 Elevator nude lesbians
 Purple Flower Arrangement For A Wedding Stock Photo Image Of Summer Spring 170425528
* * *
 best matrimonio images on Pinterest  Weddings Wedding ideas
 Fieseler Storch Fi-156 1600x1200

# Goal of the exercise
Copy out the lines of the records above in which the string "Wedding" appears.

# Reply
 Purple Flower Arrangement For A Wedding Stock Photo Image Of Summer Spring 170425528
 best matrimonio images on Pinterest  Weddings Wedding ideas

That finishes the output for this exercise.